Wedge leads pack in security
Cleveland's Eric Wedge, the youngest manager in baseball at age 35, amazingly is the manager with the most security in the major leagues.
The Indians recently exercised their two-year club option on Wedge for 2005 and 2006, and added another two-year option for the 2007 and 2008 seasons.
So Wedge, who has yet to produce two winning months as a major-league manager, has more security than Bobby Cox, Joe Torre or Tony La Russa.
Dusty Baker, Art Howe, Lou Piniella and Buck Showalter all have contracts that run, like Wedge's, through the 2006 season. But none of them have the two-year option beyond that, making Wedge the only manager with a contract that can keep him on the job through the 2008 season.

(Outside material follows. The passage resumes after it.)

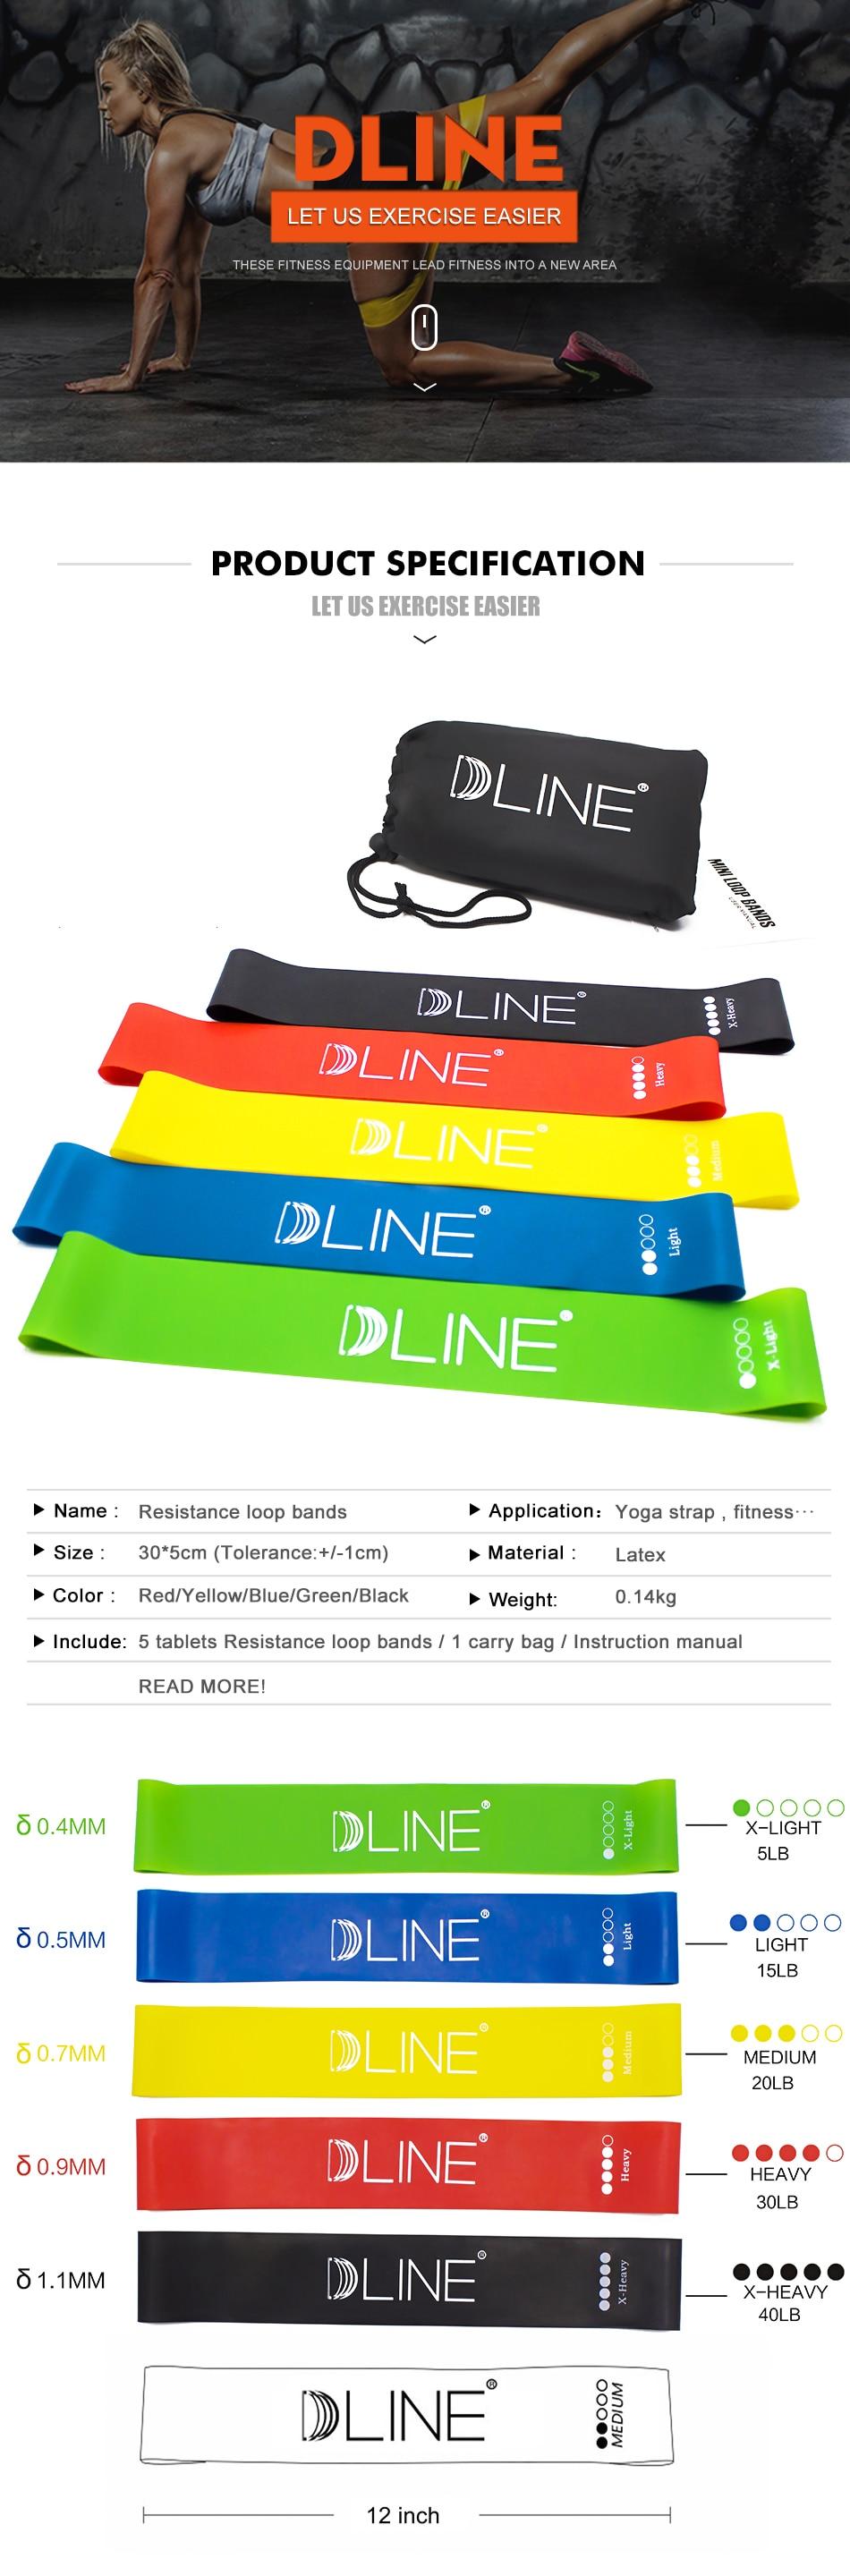 DLINE_01

It's a testament to general manager Mark Shapiro's faith in the potential of Wedge, who managed in Cleveland's farm system before getting the Indians' job last October. With the youngest team in baseball -- 13 rookies on the 25-man roster -- the Indians have been kept out of the American League Central cellar only by the ineptitude of Detroit.
The truth is, many of the managerial stars this season have been the elder statesmen: Jack McKeon (age 72), Felipe Alou (68), Bobby Cox (62), Joe Torre (63) and Jimy Williams (60 in October), with credible jobs by Frank Robinson (67) and Lou Piniella (60 in two weeks).